Let's just get to the food right away, shall we? Today, we feature:   Honey Chicken Stir-Fry


This is the kind of recipe where I hide the leftovers behind something ugly, hoping the family will forget about them, so I can have them for lunch the next day.

And as for something to read, last time I mentioned George Ade, whose collection of writings I had just started. Now that I've finished the book, I want to rave about George's best, which was his treatment of musical comedy. In one story, a wife drags her husband to the opera. He thinks it's ridiculous and, just to make his point, writes his own little opera in which a fire alarm rings in a city apartment building and all the residents stand around singing about how they really must get out to save their lives--"Haste, oh haste, oh haste away!--but they just keep standing around singing. Then there was "The Sultan of Sulu," probably Ade's most famous work, a 3-act (or maybe 5-act, can't remember) play in which a bunch of soldiers land on the island of a sultan with 8 wives and proceed to Americanize everything. The song lyrics rival Gilbert and Sullivan. Finally, I could not wipe the smile off my face as I read Ade's essay poking fun at the all the conventions of the musical comedy.

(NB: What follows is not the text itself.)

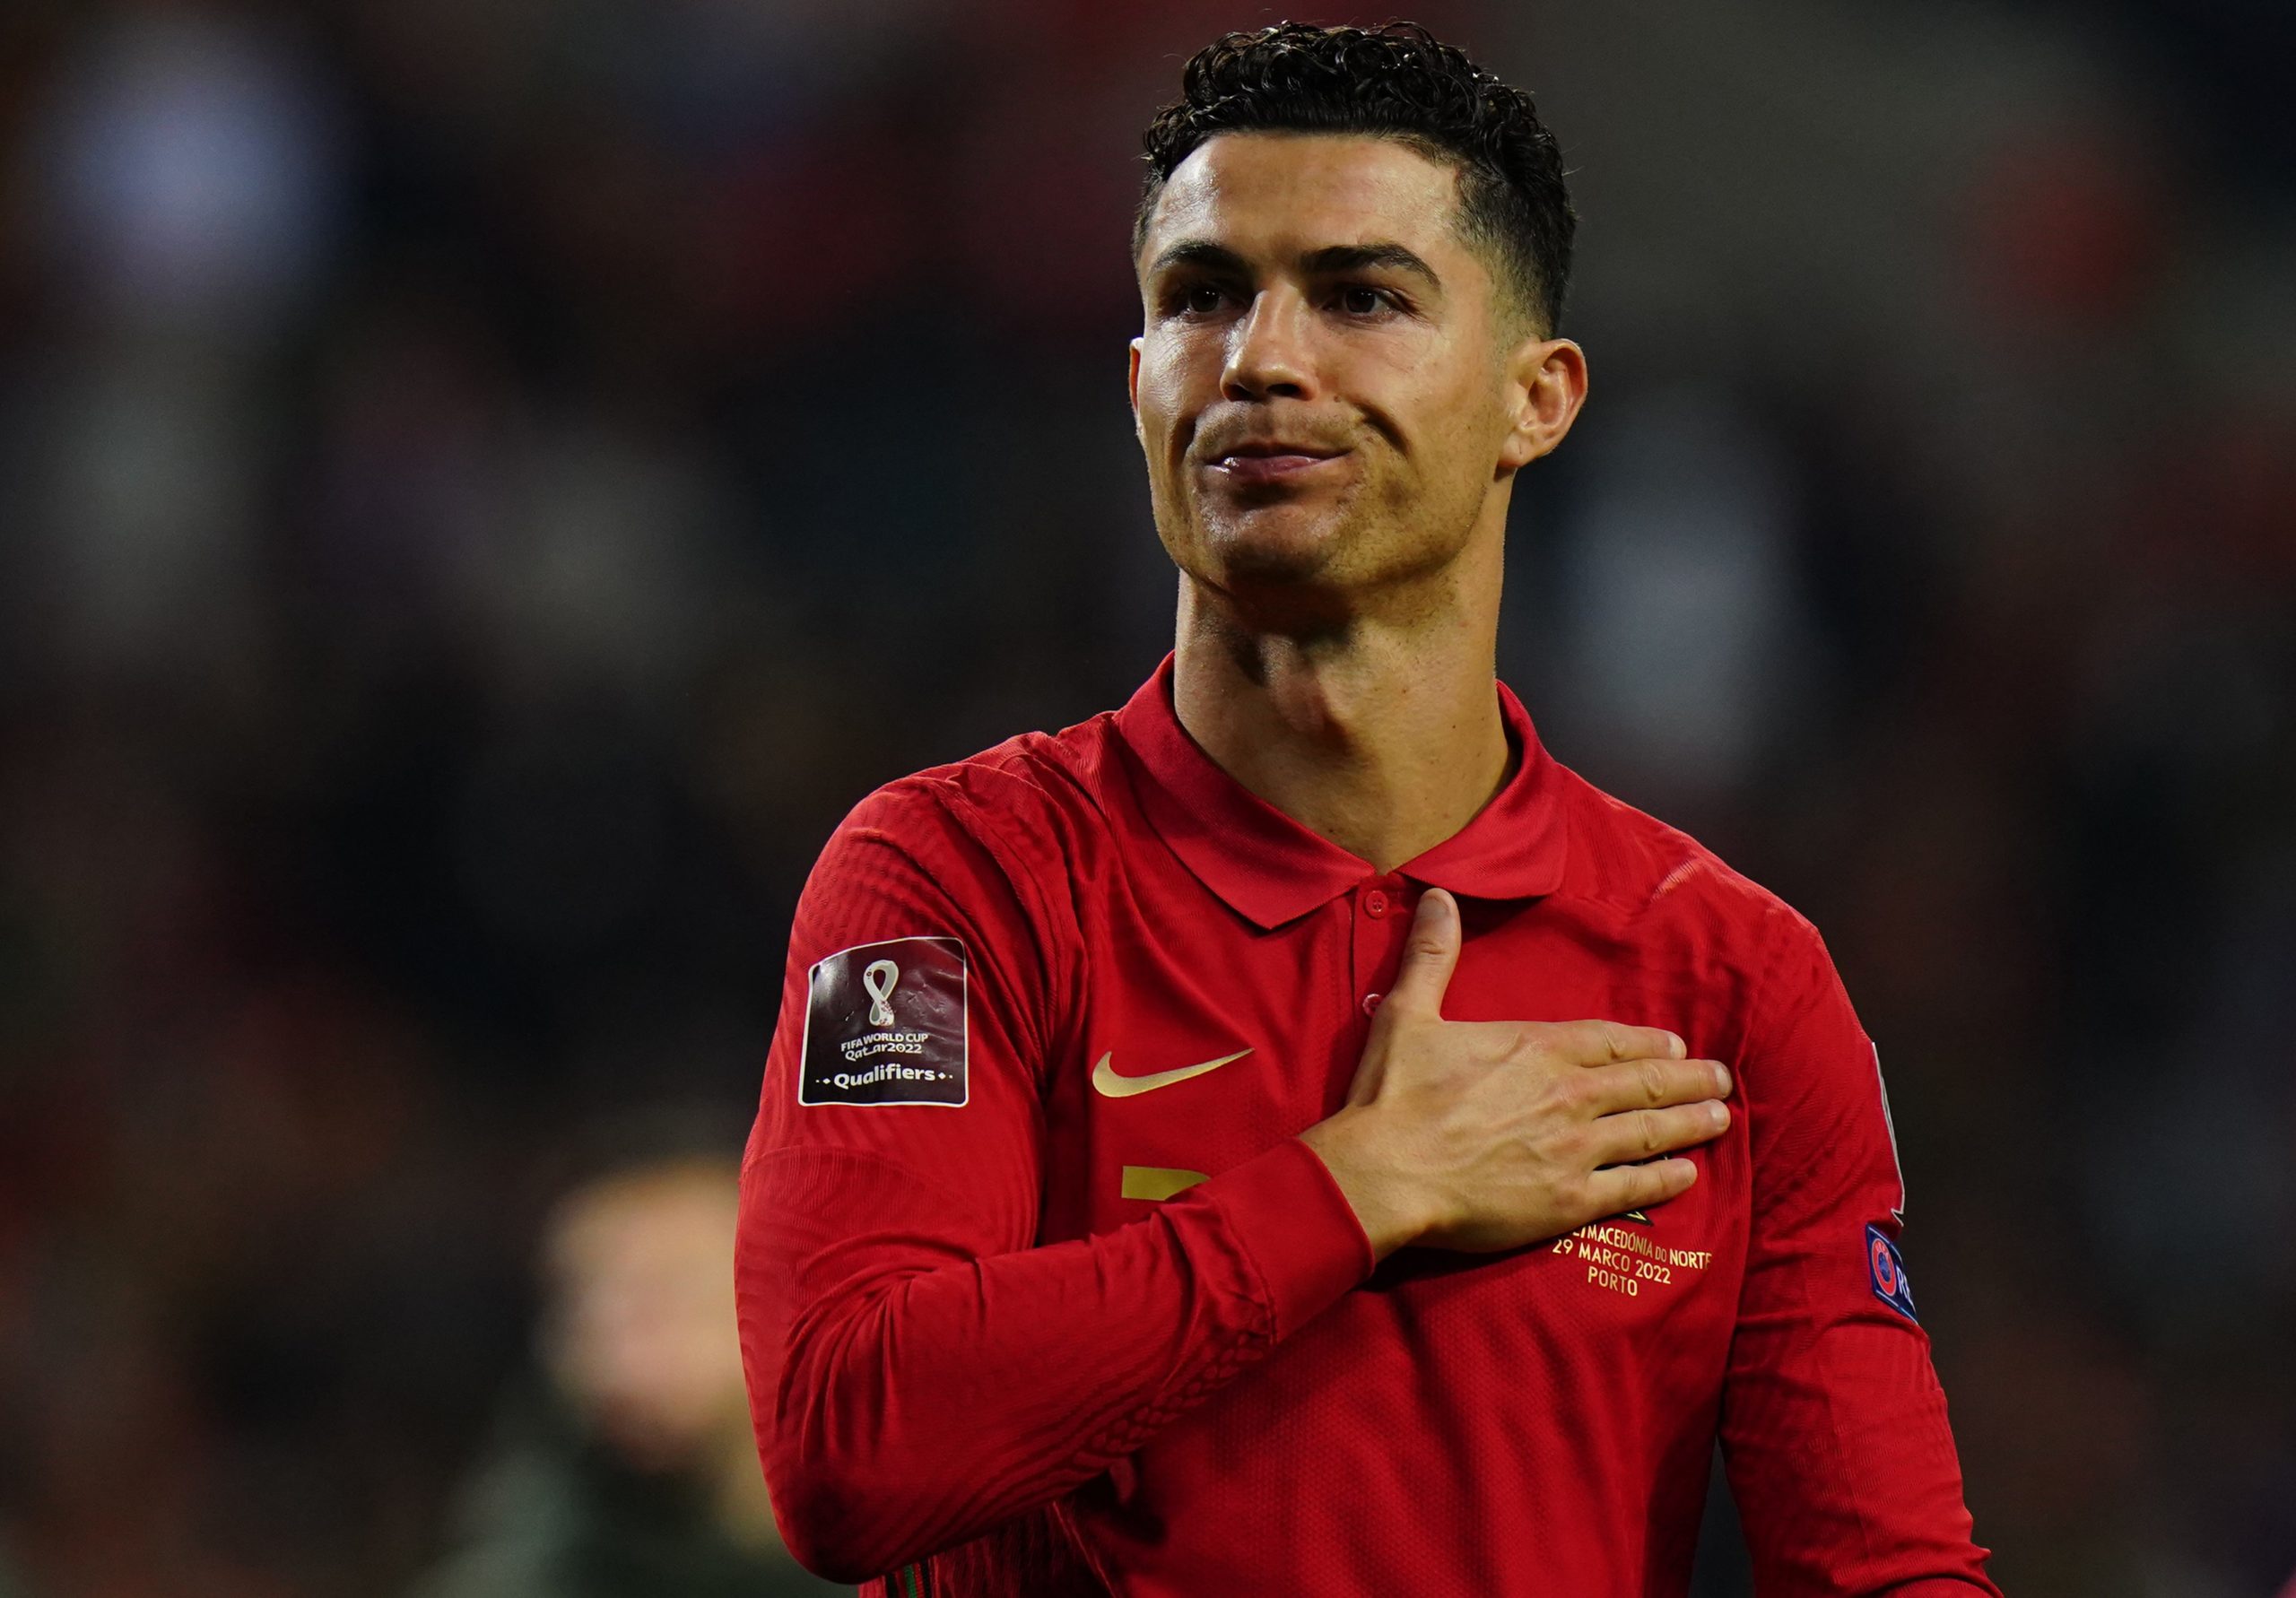 Decisão tomada: Cristiano Ronaldo não desiste da Seleção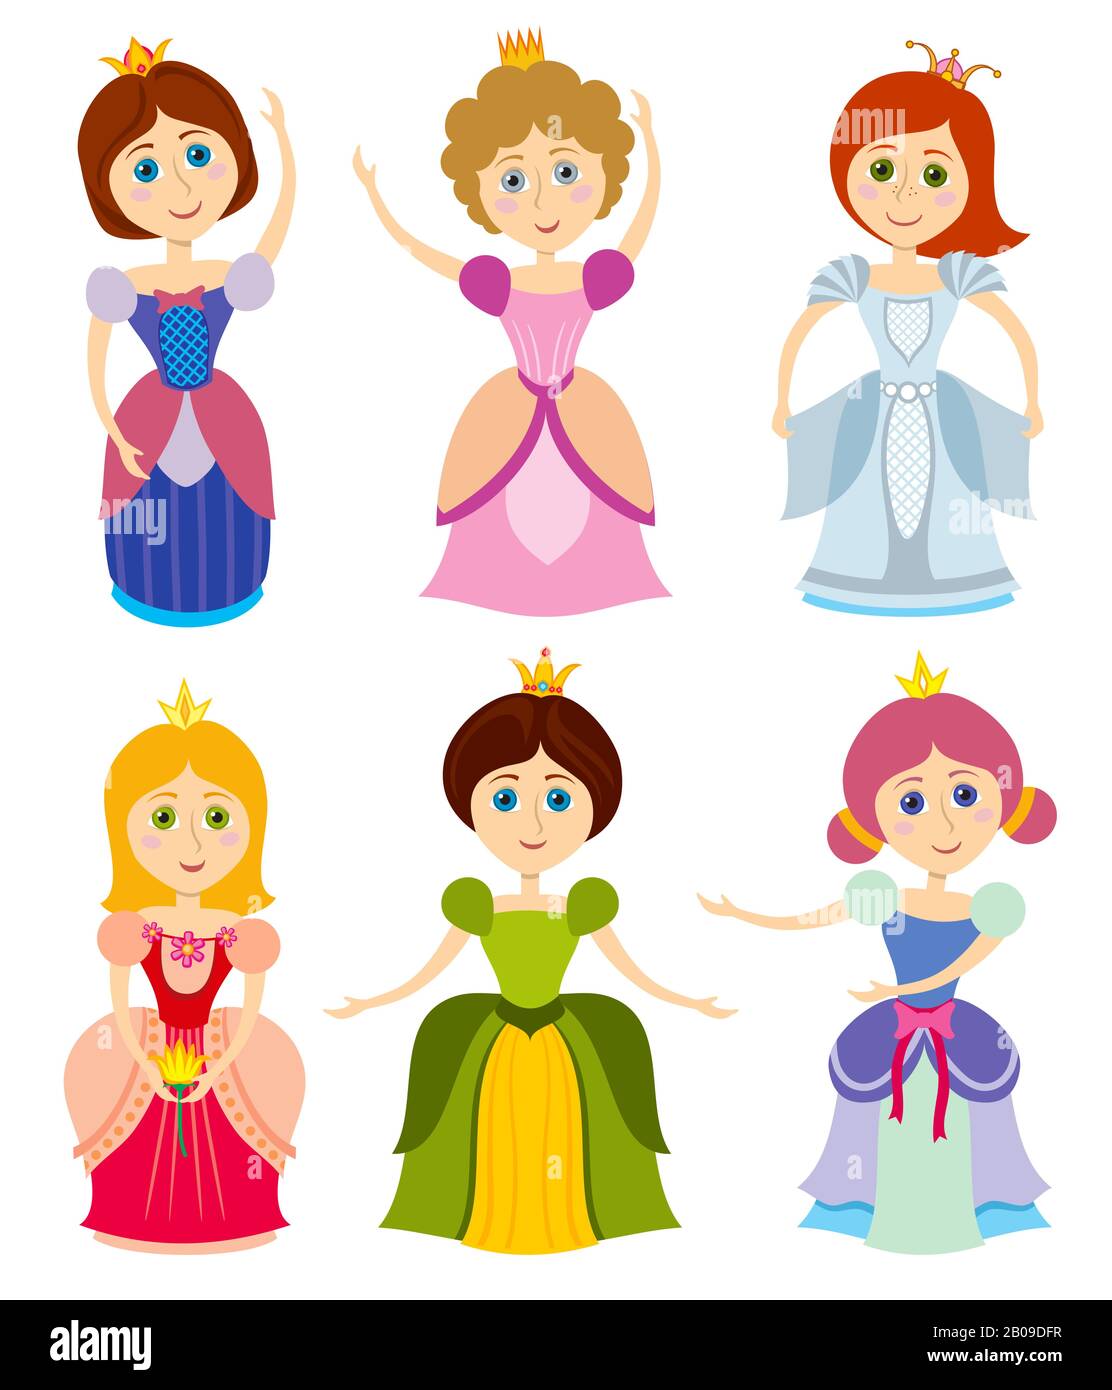 Les petites princesses mignonnes montrent les enfants girl vecteur de mode. Jeune princesse en robe, élégance personne princesse illustration Illustration de Vecteur

In the dry period between returning the last stack of books to one library and getting a new stack at another, I am catching up on my periodical reading, namely Irreantum, one of the Mormon journals. After a hiatus in publication, they put out a double issue last fall from which I'd like to plant a big virtual blue ribbon on the chest of two authors: Darin Cozzens and Emily Milner.

Cozzens' short story, "Reap in Mercy," tracks two farming neighbors from the point of view of the serious, responsible one. Resentment builds through the years as the narrator watches the other get away with carousing, though repenting just long enough to try to go on a mission. Later, the narrator finds himself drawn in when his nemesis always gets "in a bind," the kind of bind that sends the him to work in the other guy's bean field at the expense of his own beans. Then the neighbor goes through his know-it-all period. Won't reveal more.

Milner launched her essay, "Beauty for Ashes," with remarks about the show, What Not to Wear. This is one of my favorite shows, so Milner hooked me right away, never mind her criticisms of dear old Stacy and Clinton. I liked peeking into her mind as she considered how she looks (pockmarked and overweight) and how people respond to it. Since I visit teach Milner's sister (lovely cheekbones, abundant curly hair, exercise enthusiast), I kept trying to picture what Milner really looks like.


Well, that's it for now. I'm off to stir tonight's spaghetti sauce.